I feel uncomfortable with the practice of prepending the self object into method params and then not treating it specially (e.g. it doesn’t have to be named self). Why does python not enforce this convention?
I do think this can become too verbose too easily. We should focus on helping beginners who aren’t yet familiar with how Python, unlike most other programming languages, injects an implicit instance as the first argument to a call to a bound method, so the hint should be more directed at this common scenario. Other types of mismatches between call args vs. declared params can be easily spotted and understood by even beginners.
There are scenarios where you don’t want to call it self. I’ve only come across it once in the wild, but the possibility being there is one of the things I love about Python.
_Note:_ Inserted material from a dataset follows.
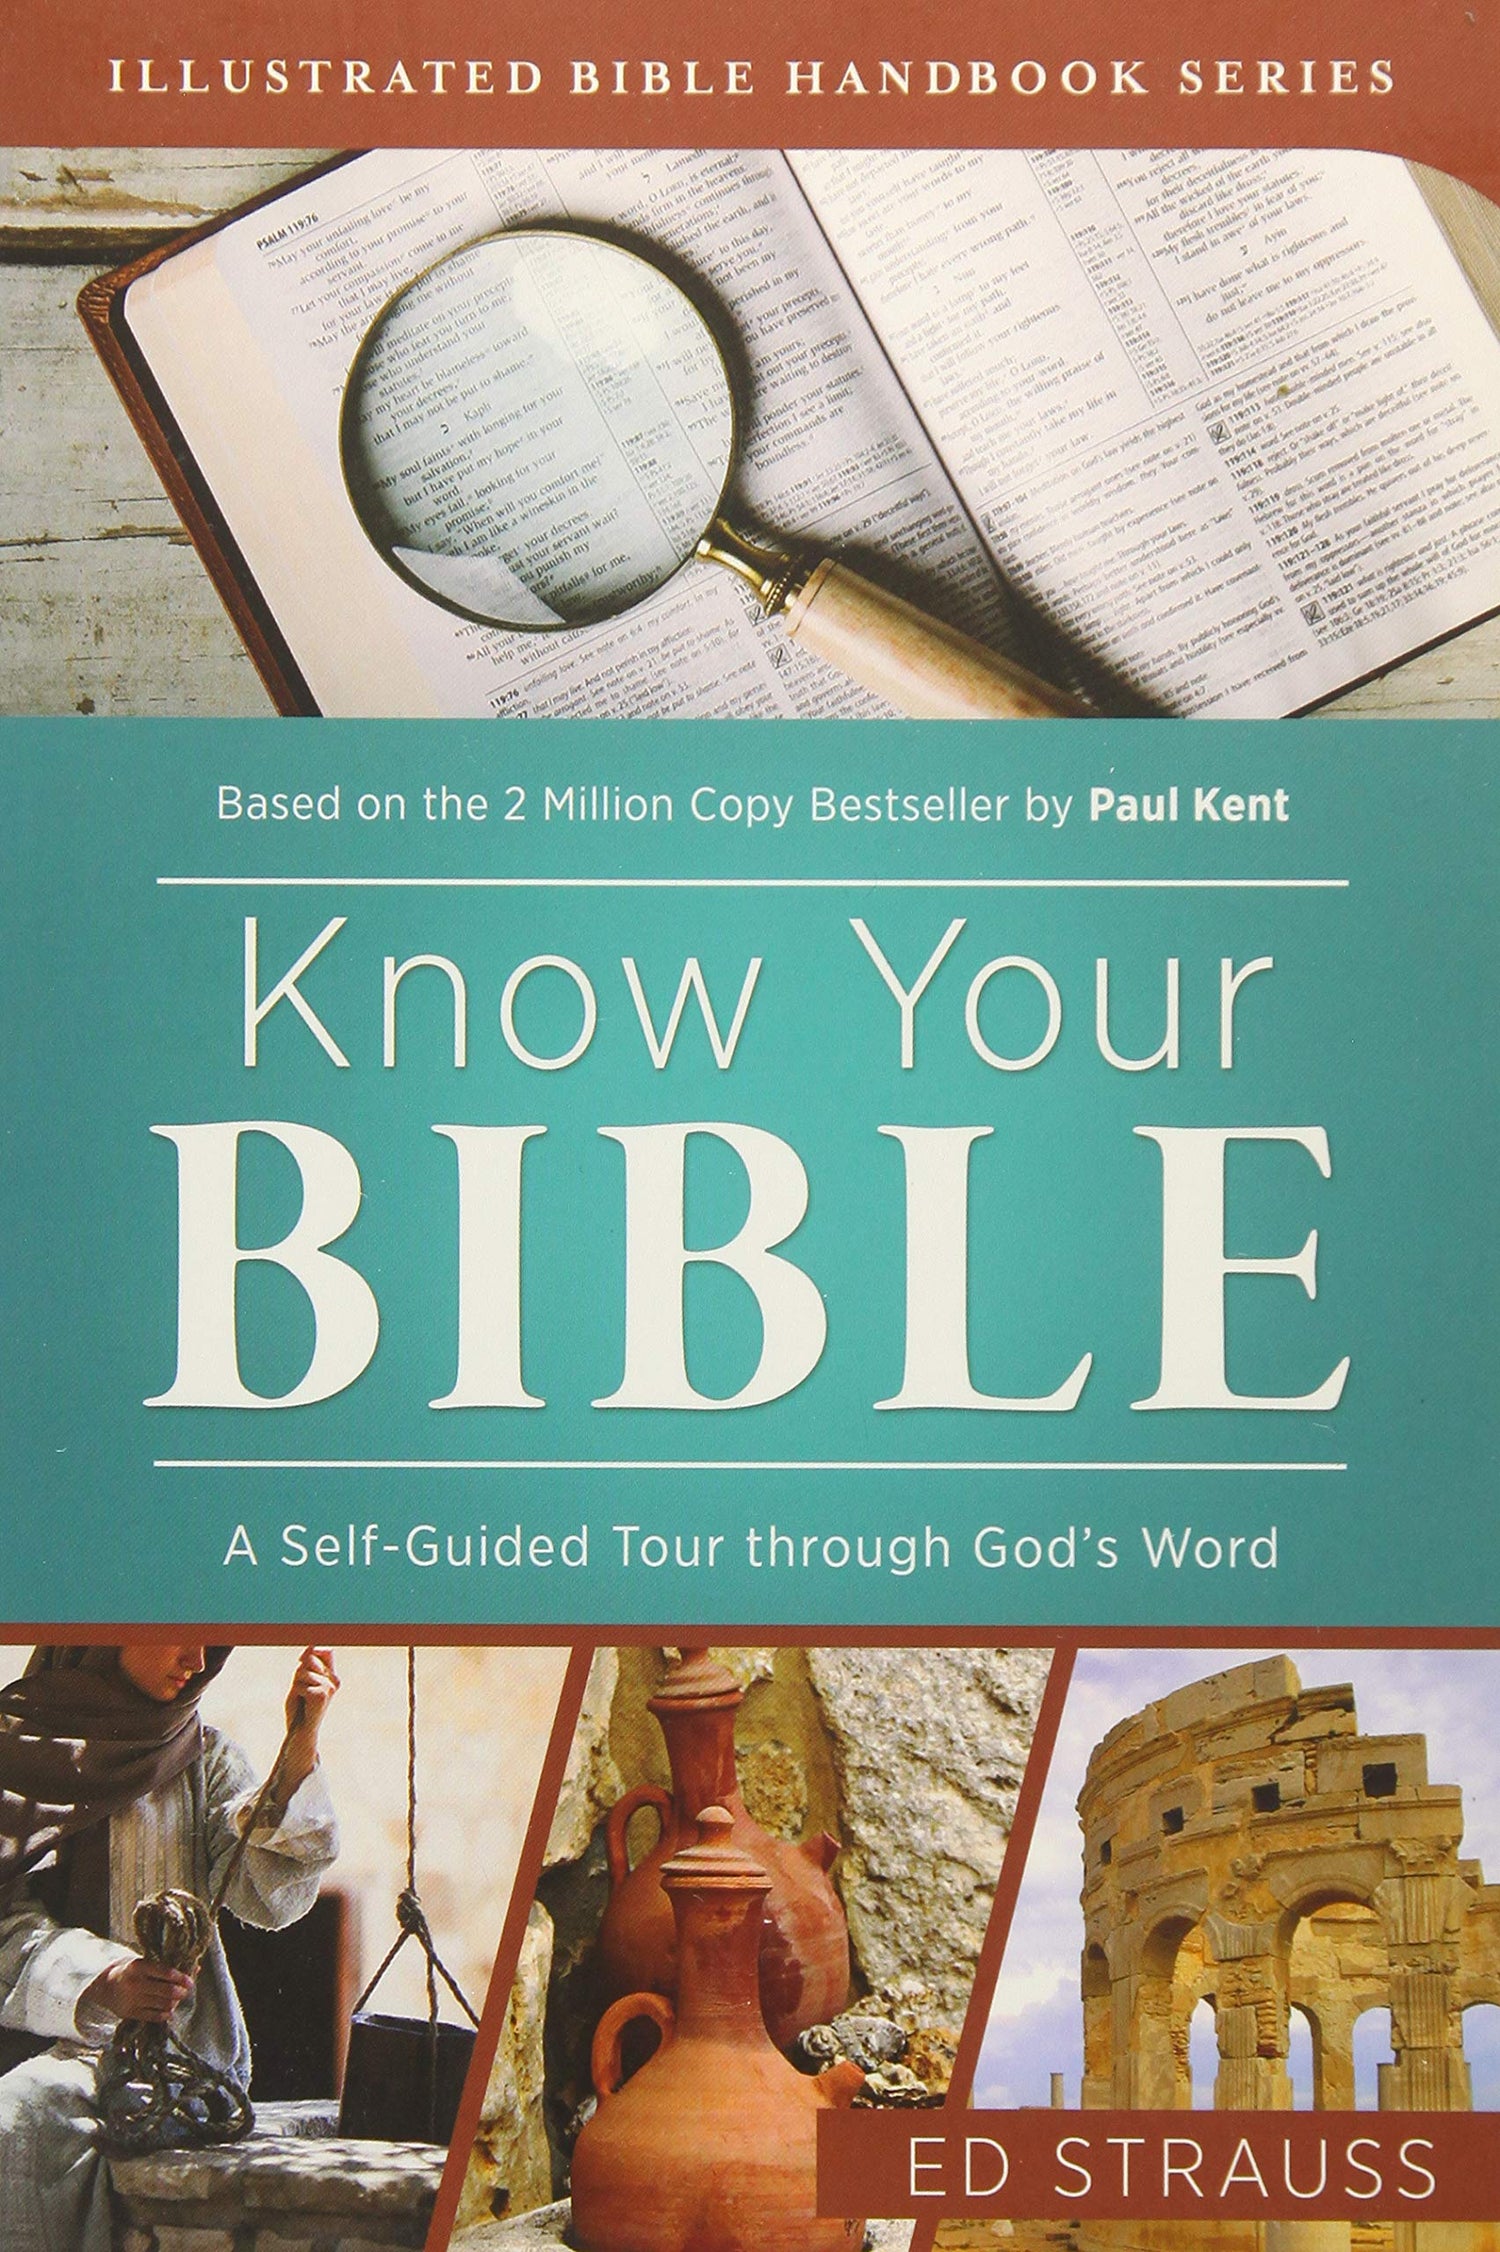 KNOW YOUR BIBLE: A SELF-GUIDED TOUR THROUGH GODS WORD (ILLUSTRATED BIBLE HANDBOOK SERIES)

I can’t actually figure out where I met the possibility initially, I thought there was a construction with nested class definition but I can’t get that to work anymore. But here’s someone online who also has good reasons to define methods where the first argument isn’t called self: https://medium.com/@dungwoong/i-finally-understand-python-metaclasses-86b4f643f5ff
(When defining metaclasses, it’s common for the inplicitly injected instance name to be called mcls or cls)
One common use case for a non-self-named first parameter for an instance method (besides cls for class methods and mcs/mcls/metacls for metaclass methods) is for a wrapper function defined in a method to wrap another instance method while needing access to both the inner self and the outer self, thereby often naming the inner selfthis instead.
In the example below, the wrapper function wrap_func becomes a bound instance method once a method decorated with Deprecated is called:
I think you are raising this because the proposal explicitly checks for the name “self”, and that if someone uses a different name, then the nice error message won’t kick in. This is fine. The goal here is “beginner friendly” error messages. Beginners aren’t going to use names other than self. People writing these more involved structures will be well-equipped to decipher possibly confusing error messages.
A solution that helps 98% of people is a really good solution.
I definitely remember this being confusing as a beginner, so am generally supportive of improving the error message. On the point about it not always being called self, even in the cases where the user has chosen to call it something else, it’s perhaps still fair to refer to it as “the self argument”. Would need to consider cls for class methods too.